## Source data
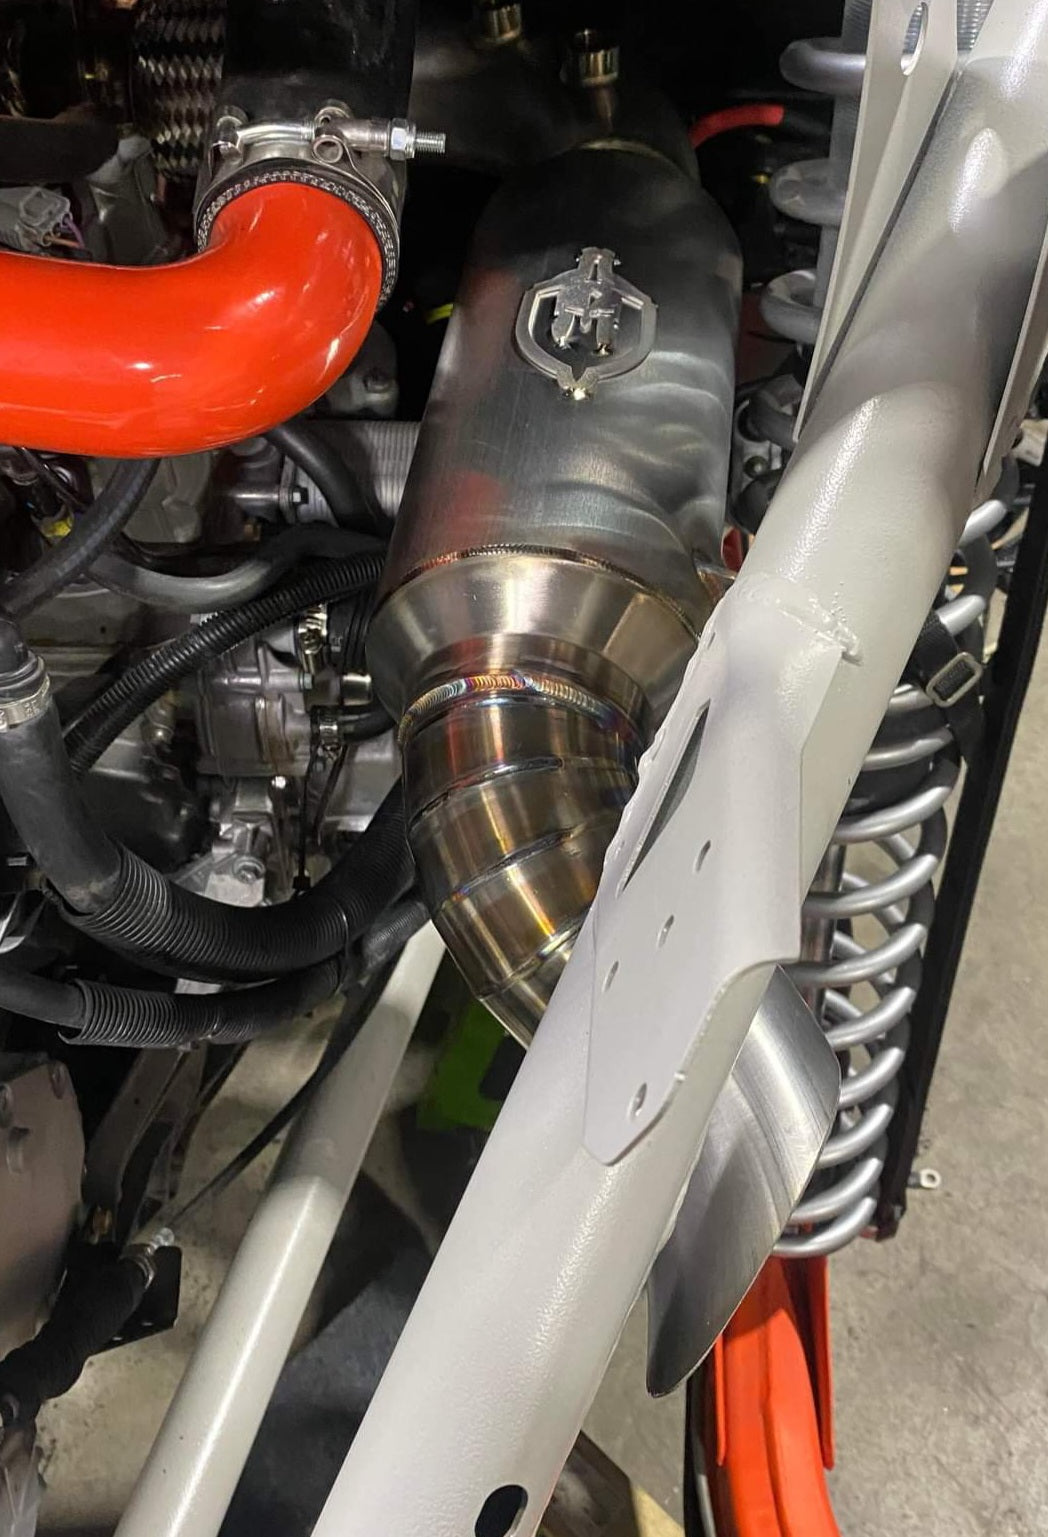 Ironclad Industries Stinger "side exit" exhaust
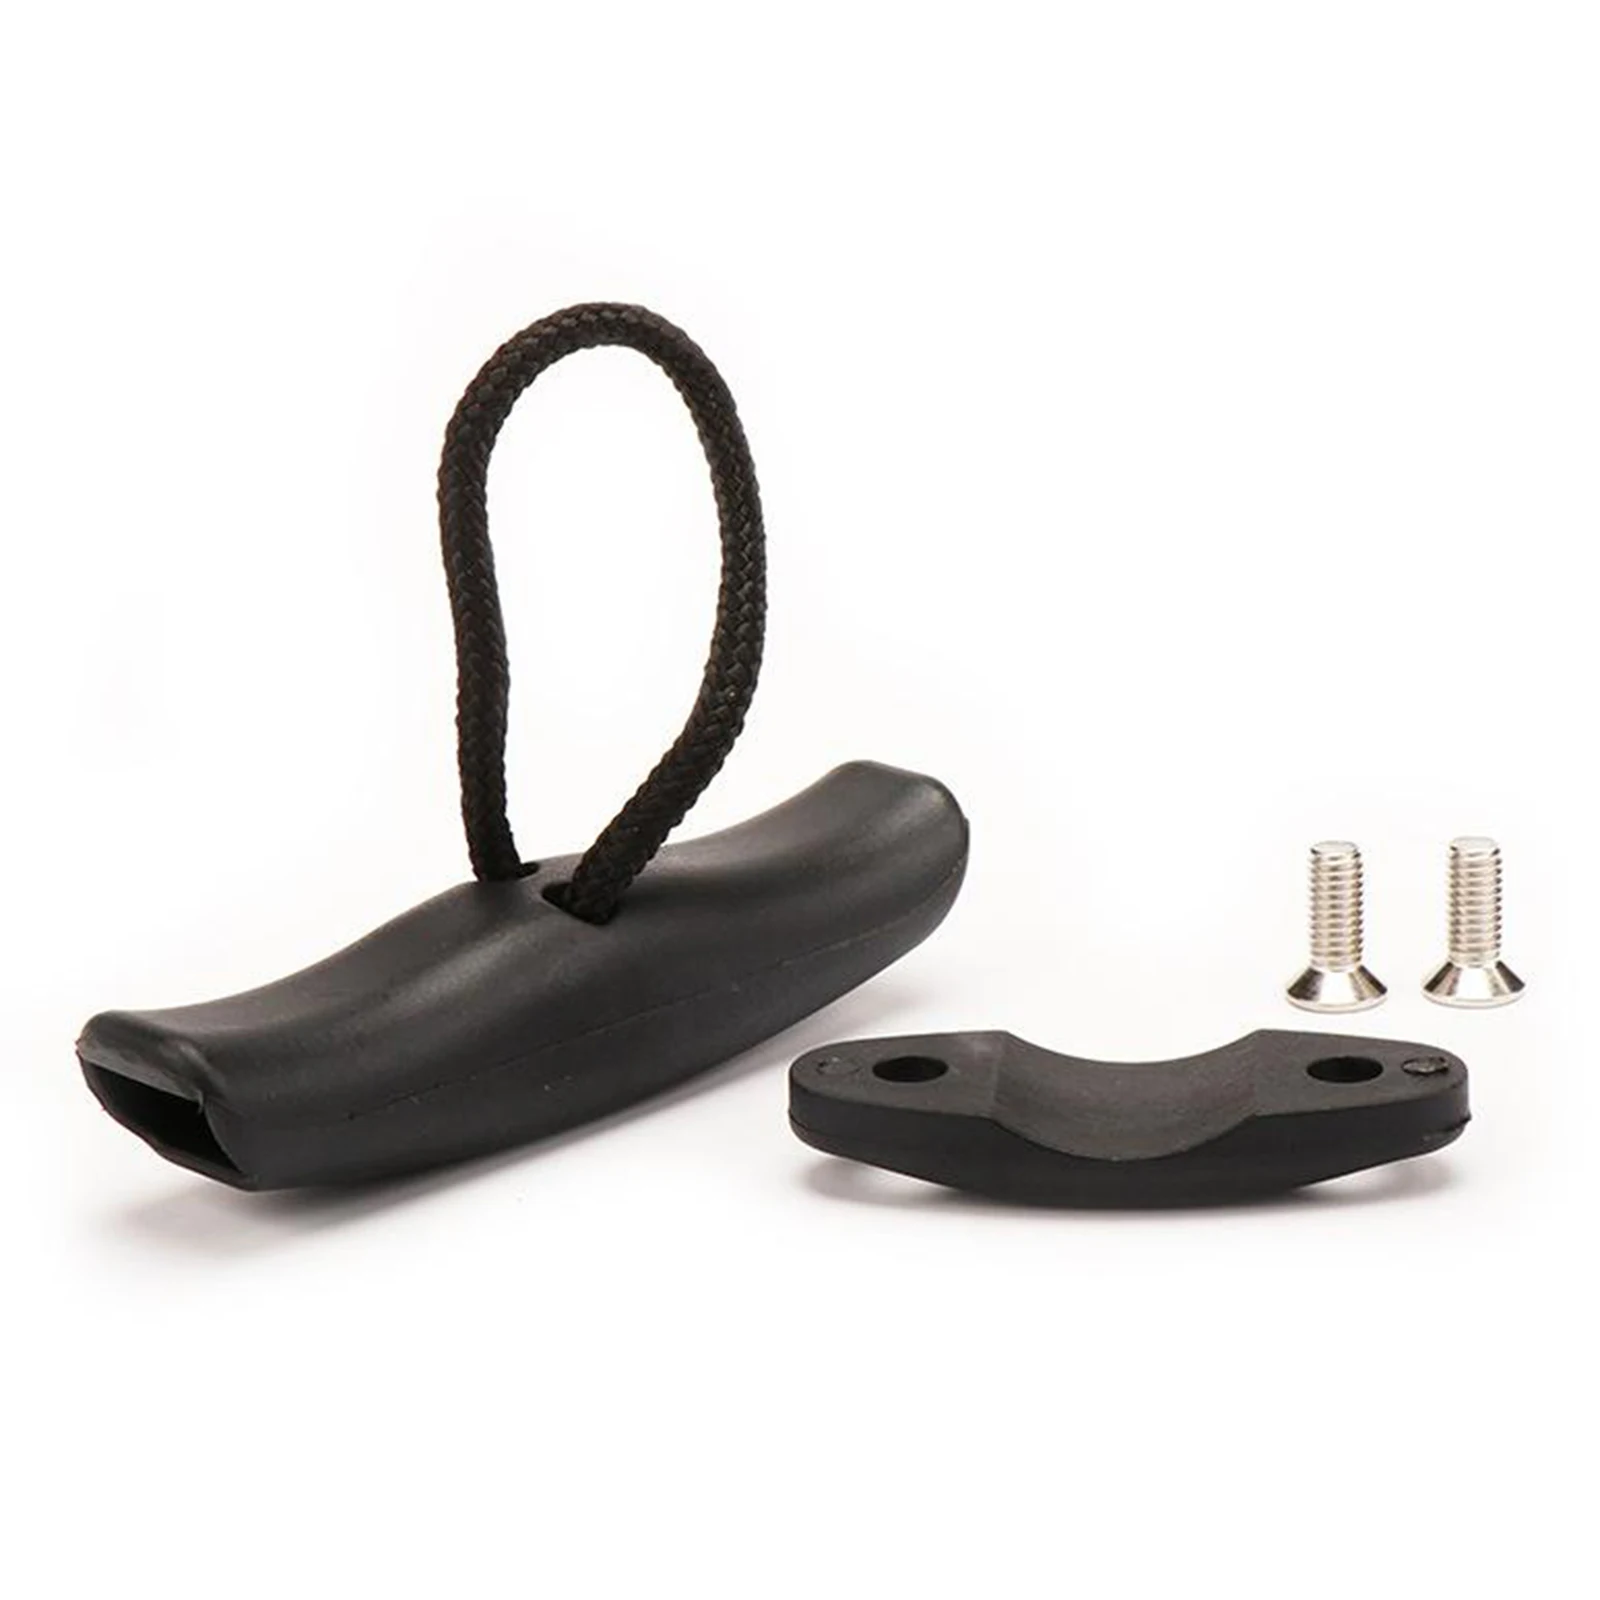 2pcs Nylon Kayak Pull Handle Canoe T-Handle Pad Eyes Toggle w/ Bungee Cord Toggle Handle Rope Canoe Carrying Accessories
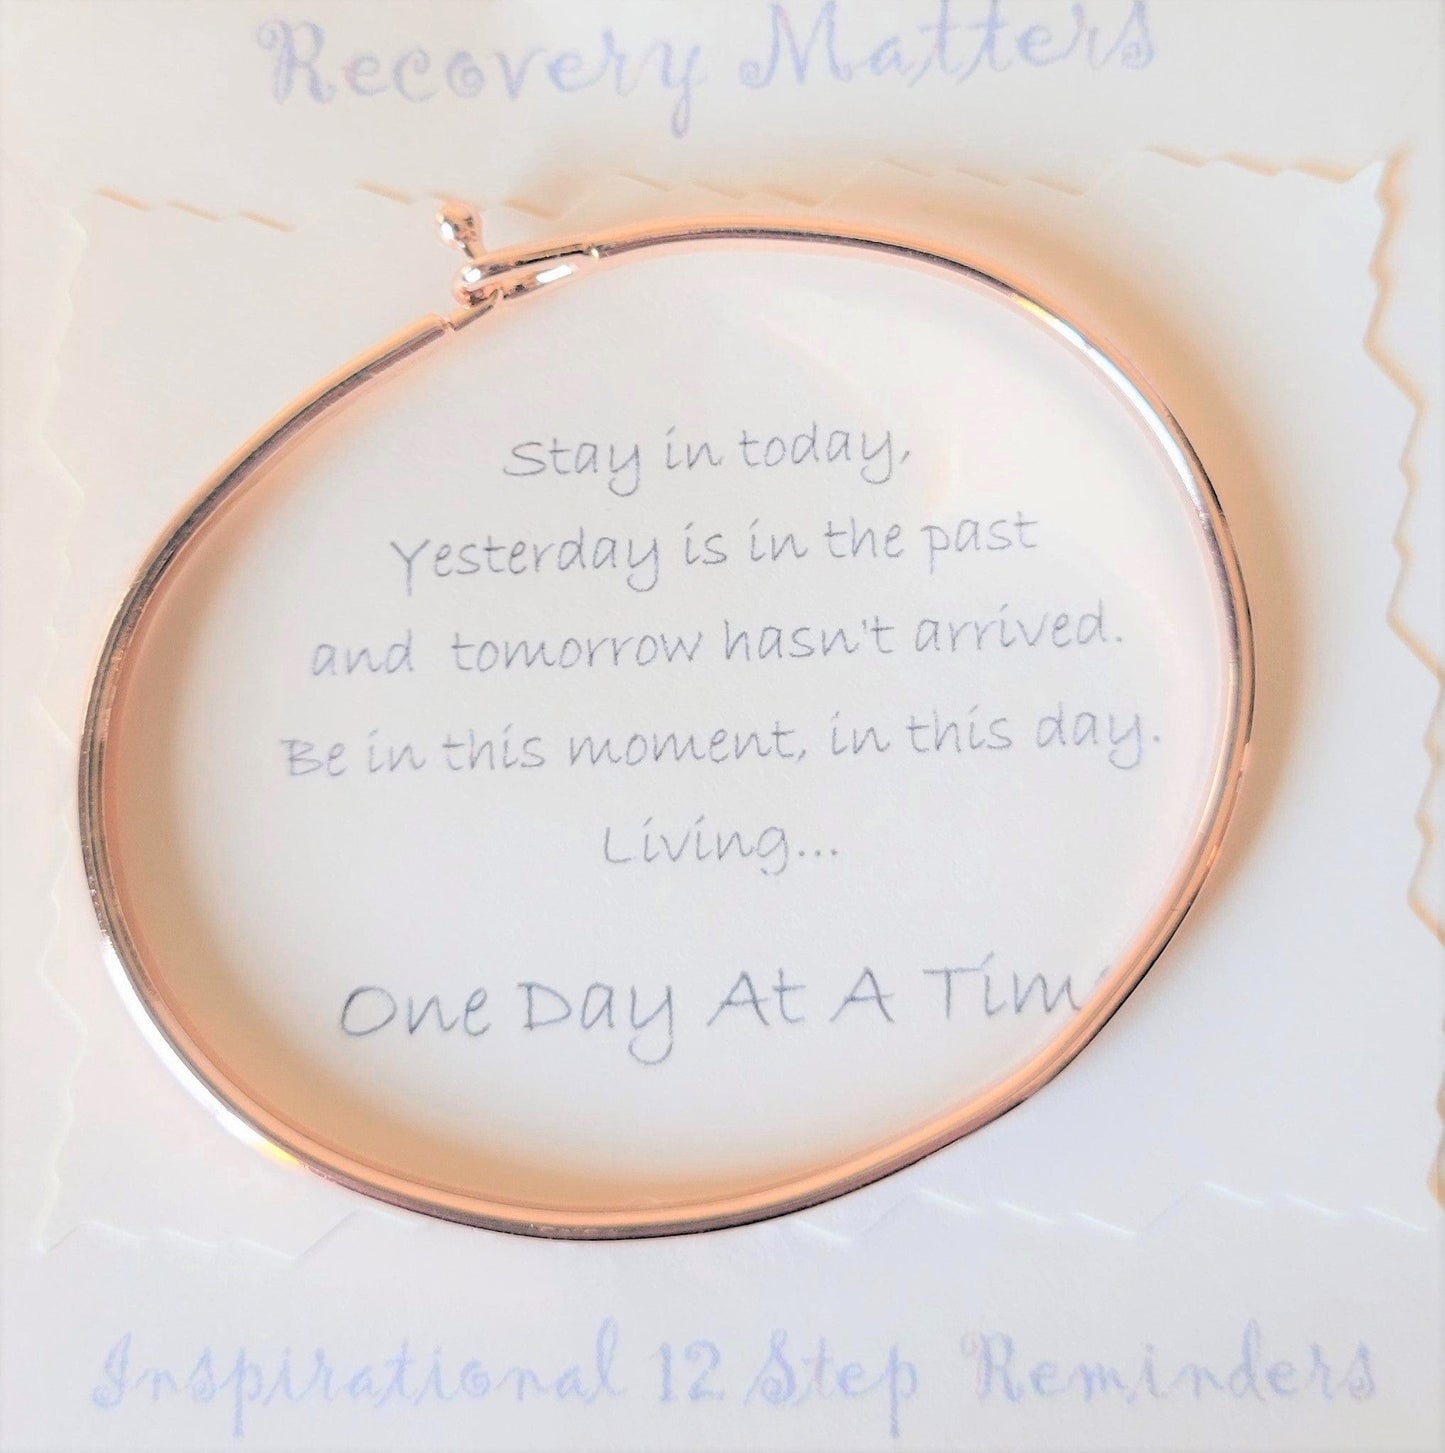 "One Day At A Time" Bracelet By Recovery Matters
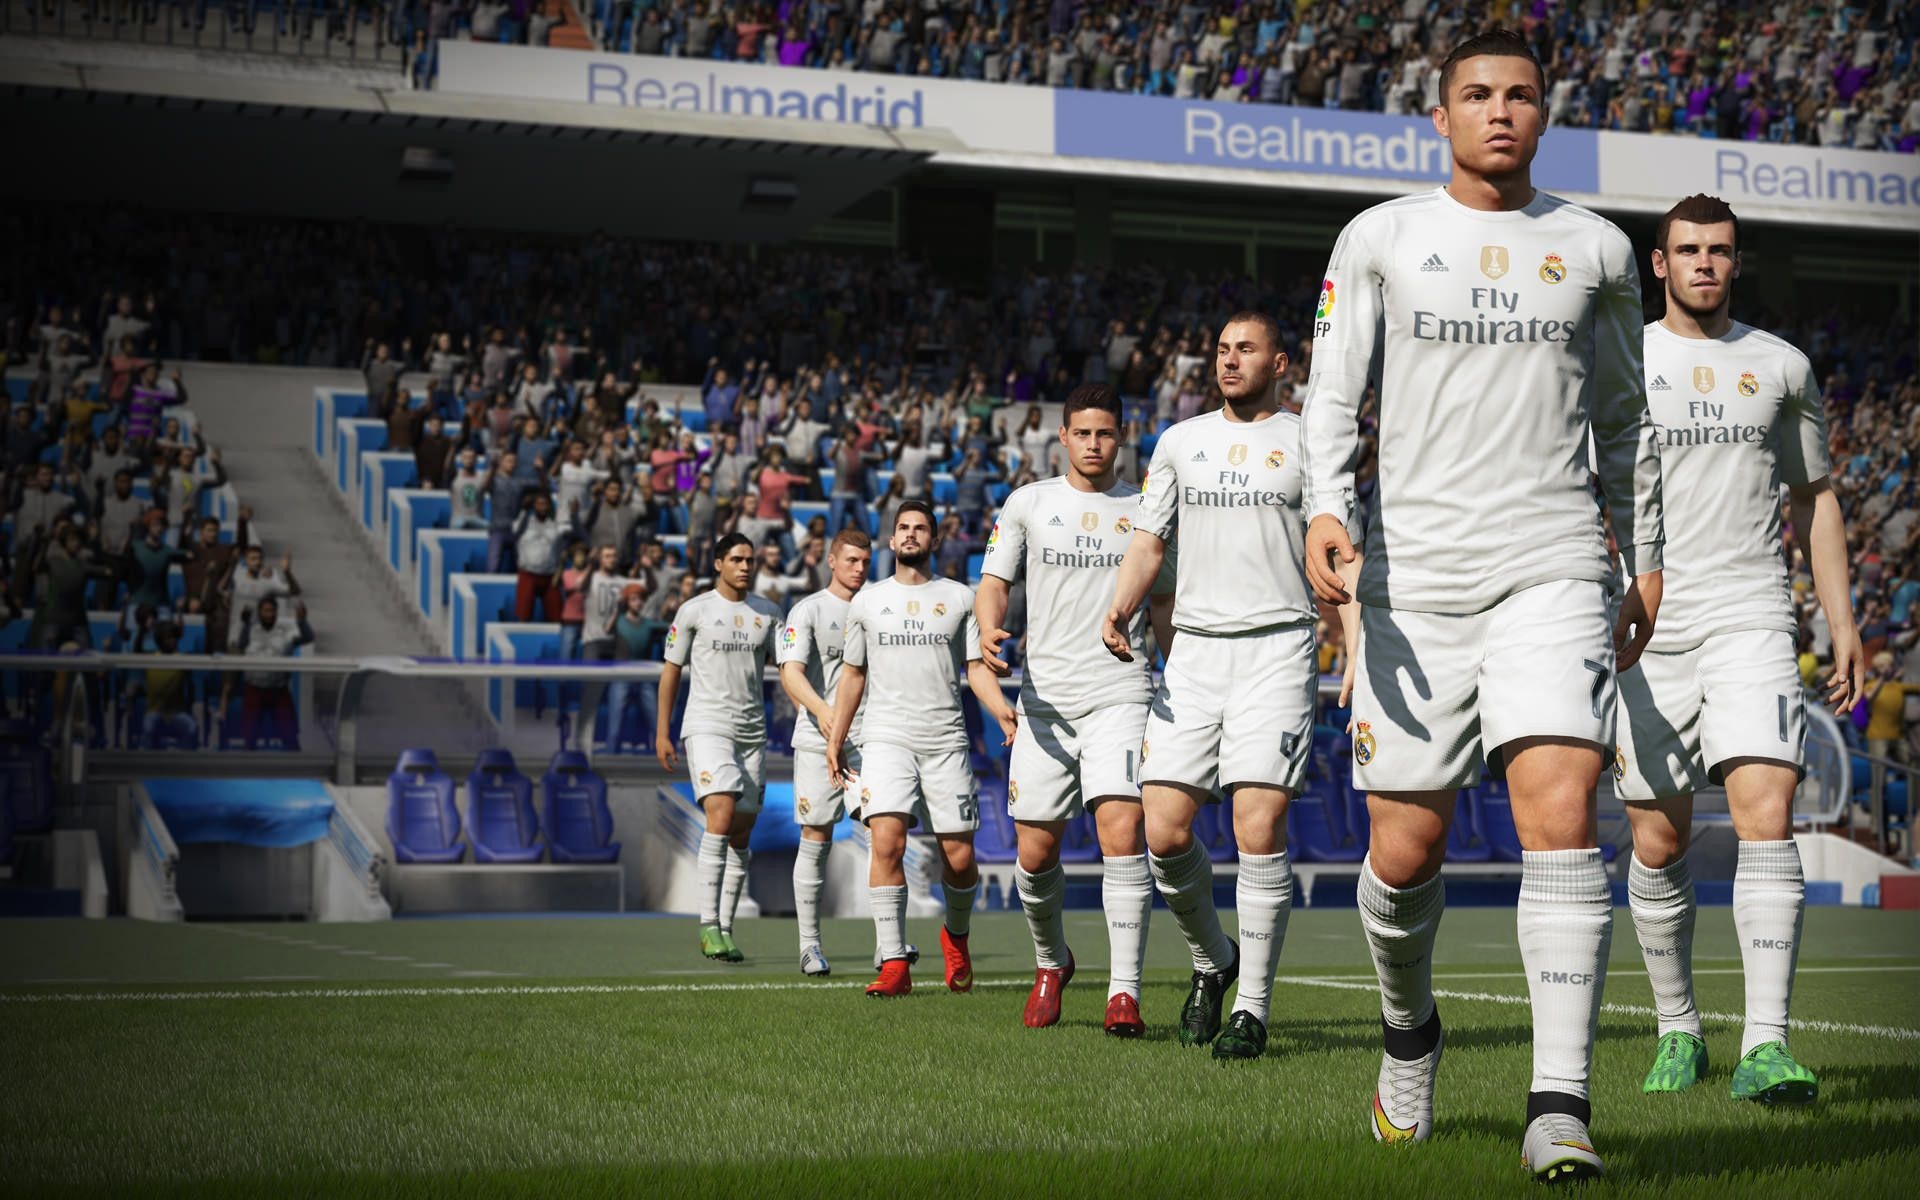 FIFA Soccer (Game): One of the most popular football simulation video games of all times, Real Madrid. 1920x1200 HD Wallpaper.

## Exercise aim
Take the line containing "2pcs Nylon Kayak" through the last line of the material and retype exactly those lines, both ends included, with no pictures.

## Answer for this exercise
 2pcs Nylon Kayak Pull Handle Canoe T-Handle Pad Eyes Toggle w/ Bungee Cord Toggle Handle Rope Canoe Carrying Accessories
 "One Day At A Time" Bracelet By Recovery Matters
 FIFA Soccer (Game): One of the most popular football simulation video games of all times, Real Madrid. 1920x1200 HD Wallpaper.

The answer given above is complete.